• Task:
Leaving out every picture, please repeat exactly the line that contains "Bola de nieve" and each line after it through the final line below.

• Collected material:
= = = = =
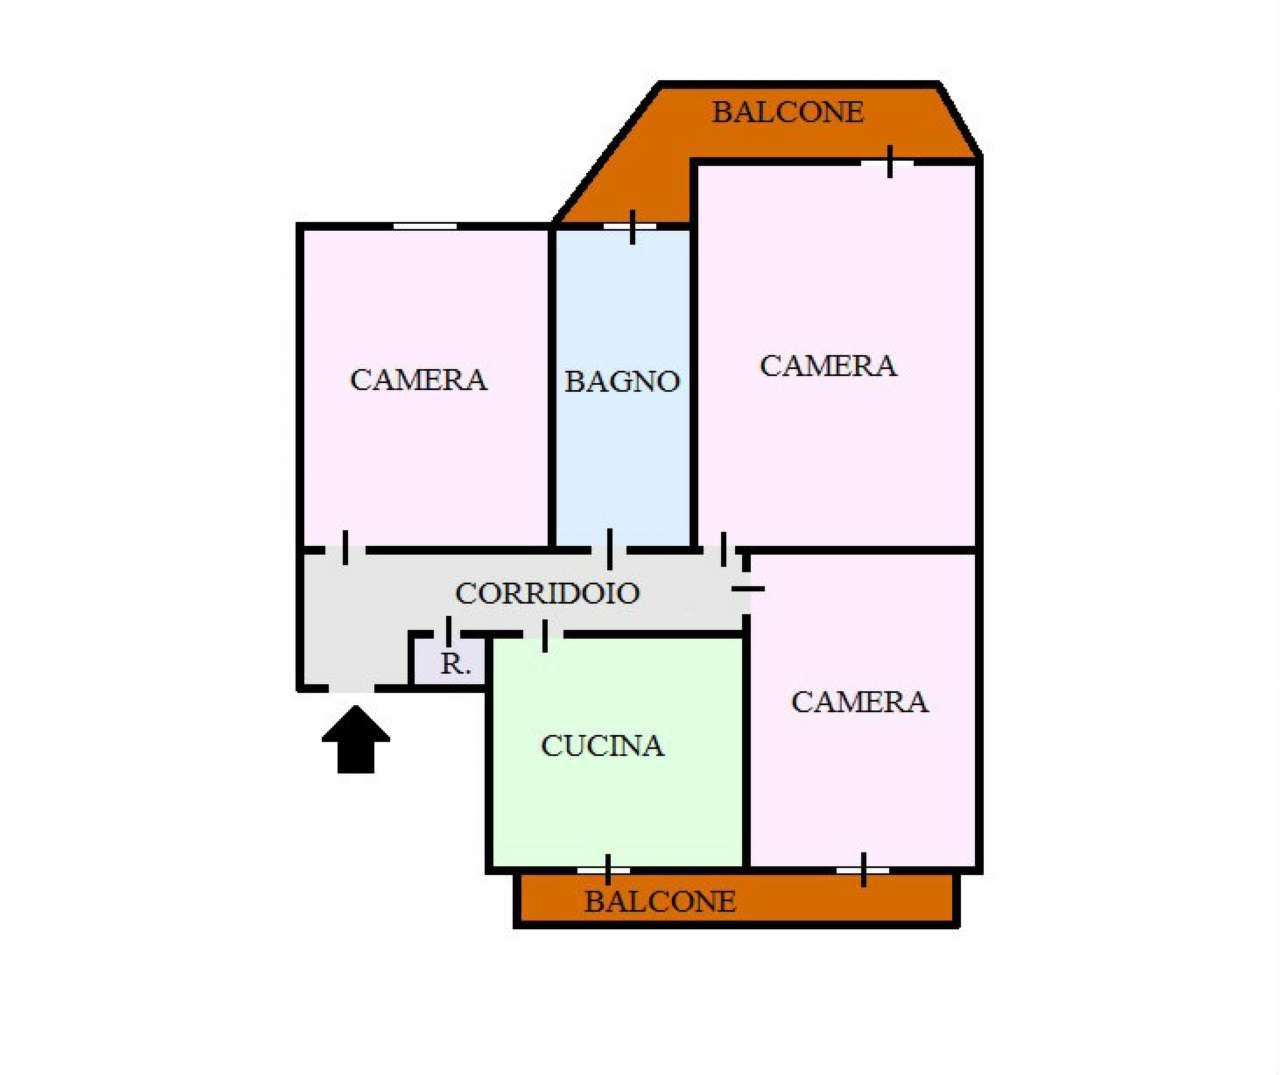 Appartamento in vendita a Cercola, 3 locali, prezzo € 130.000 | CambioCasa.it
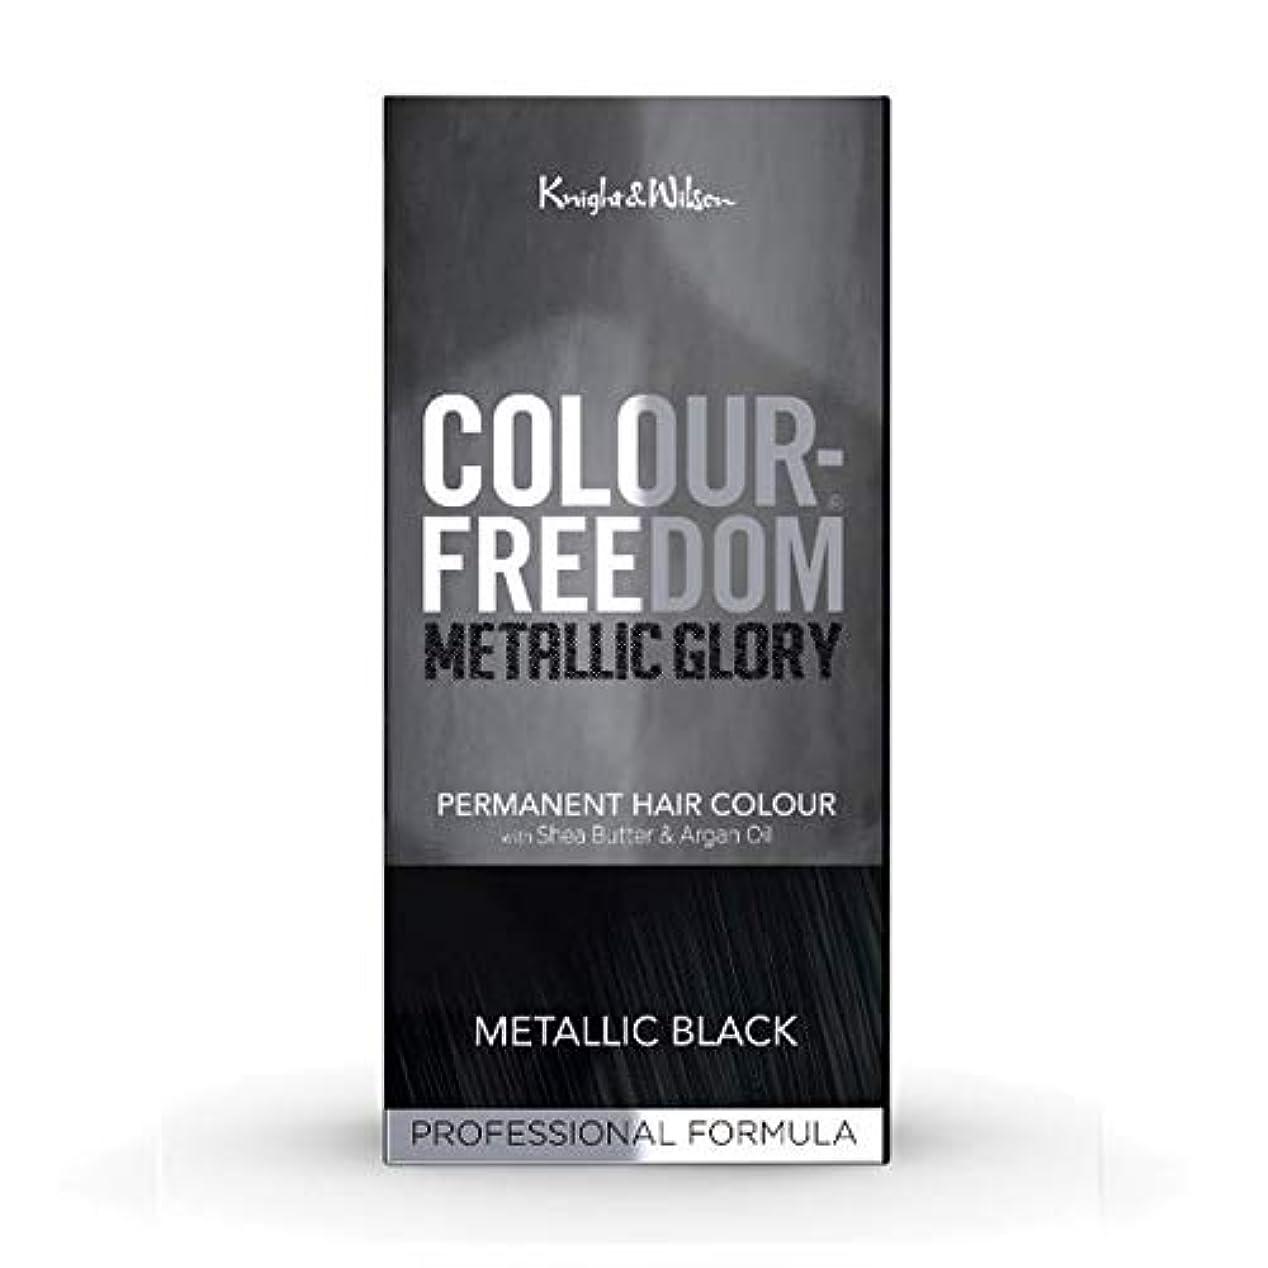 恒久的オリエンテーションケーブル[Colour Freedom ] カラー自由メタリック栄光の金属黒117 - Colour Freedom Metallic Glory Metallic Black 117 [並行輸入品]
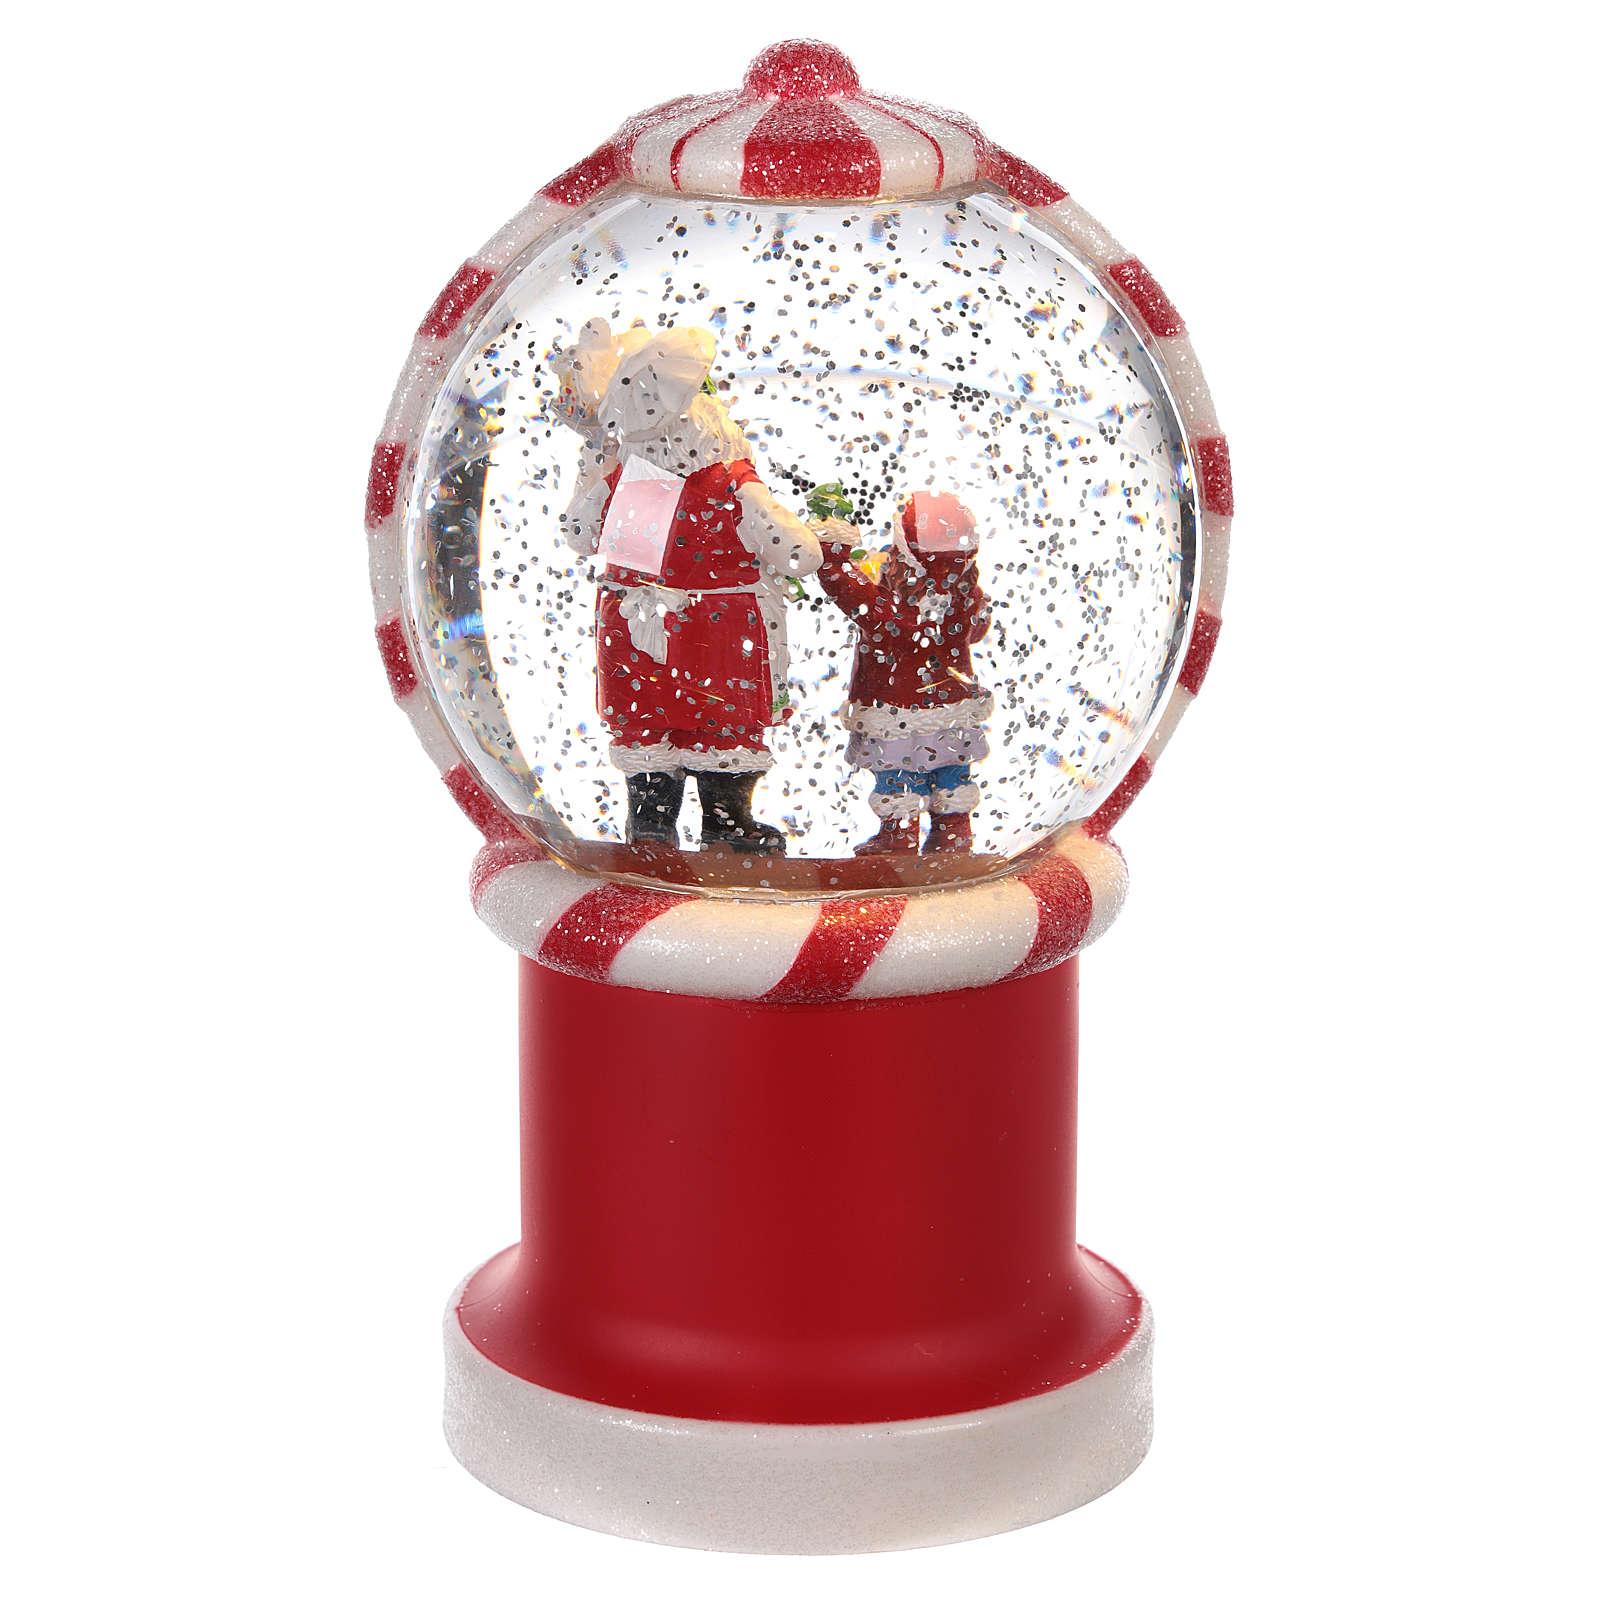 Bola de nieve distribuidor caramelos con Papá Noel 20x10 cm 3
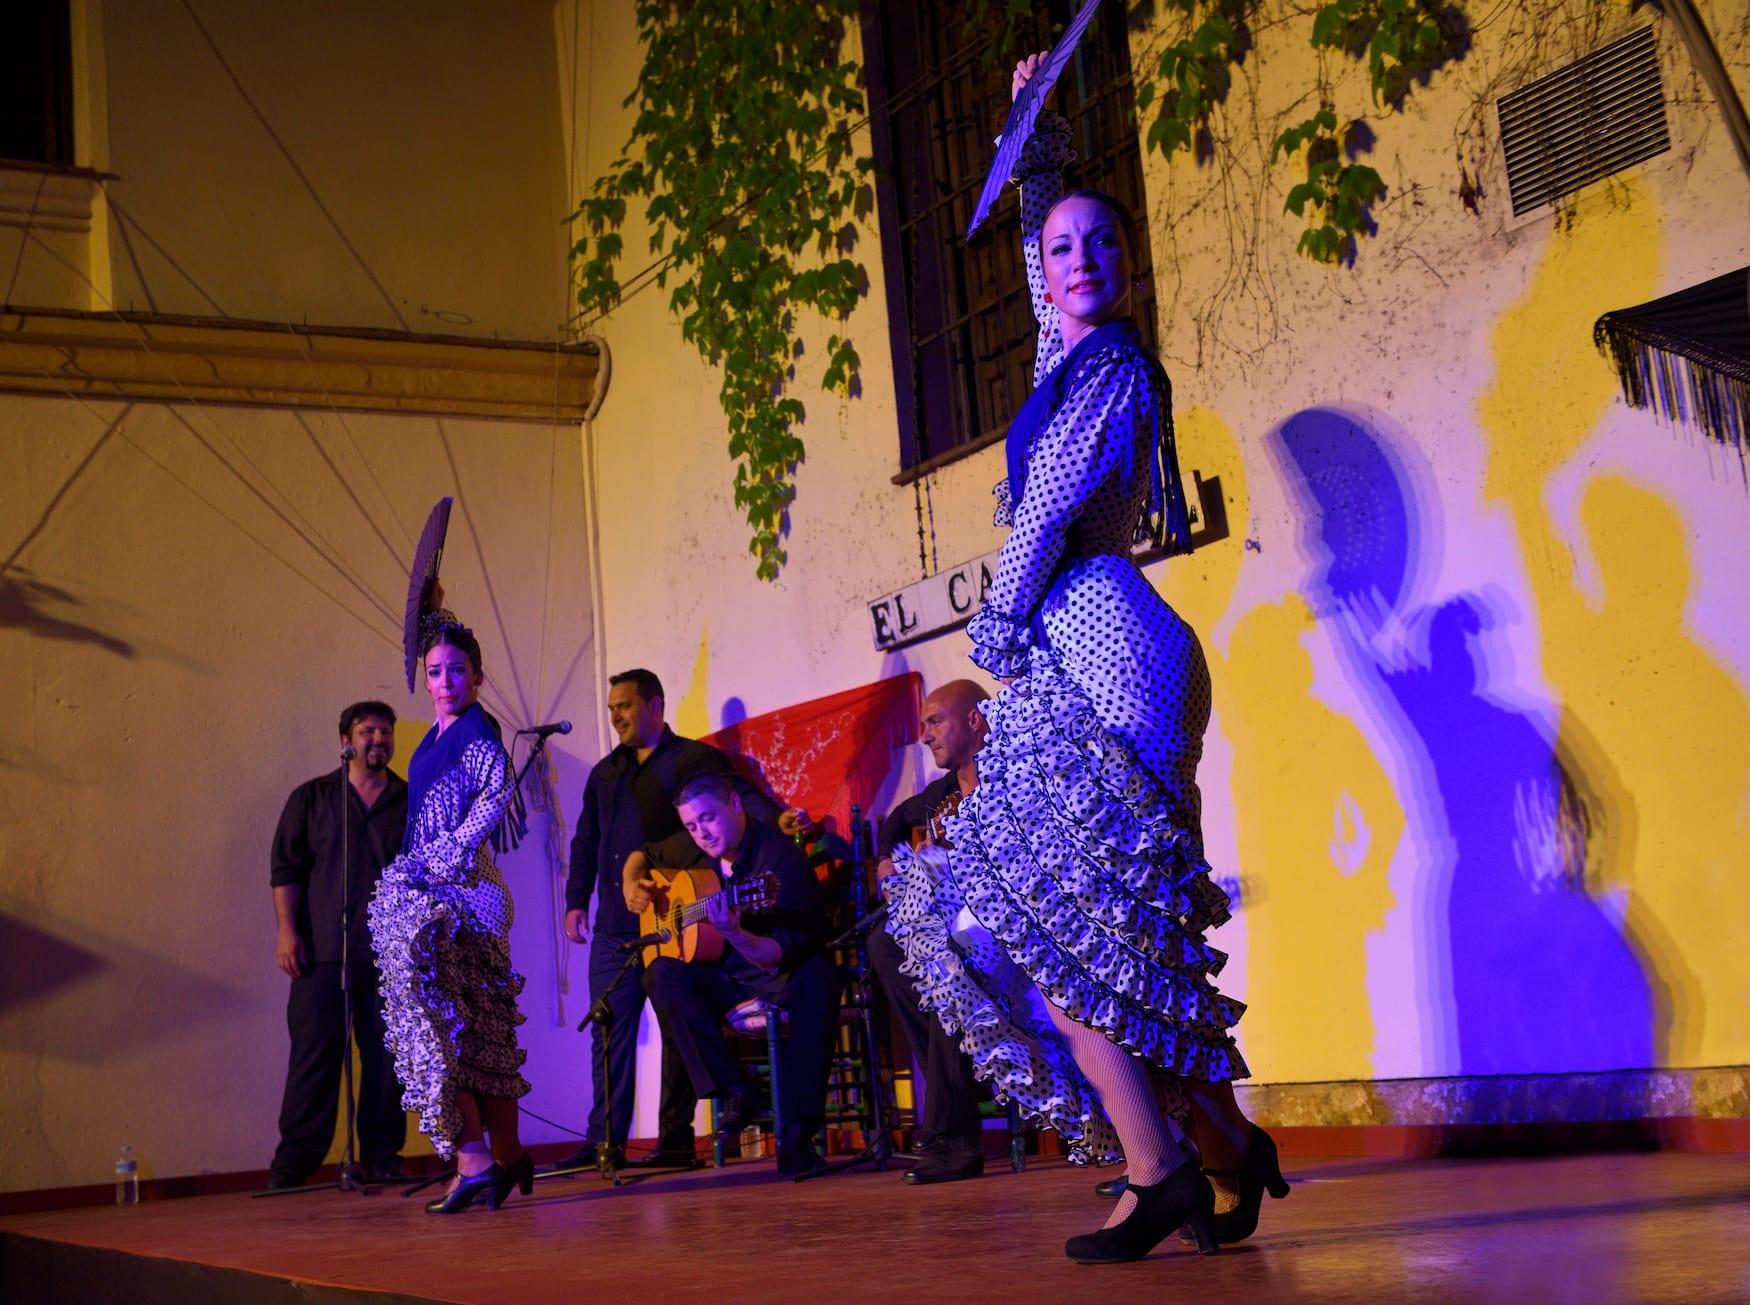 Flamenco-Show ist eine der Sehenswürdigkeiten in Córdoba, die man nicht verpassen sollte
= = = = =
• Solved exercise:
 Bola de nieve distribuidor caramelos con Papá Noel 20x10 cm 3
 Flamenco-Show ist eine der Sehenswürdigkeiten in Córdoba, die man nicht verpassen sollte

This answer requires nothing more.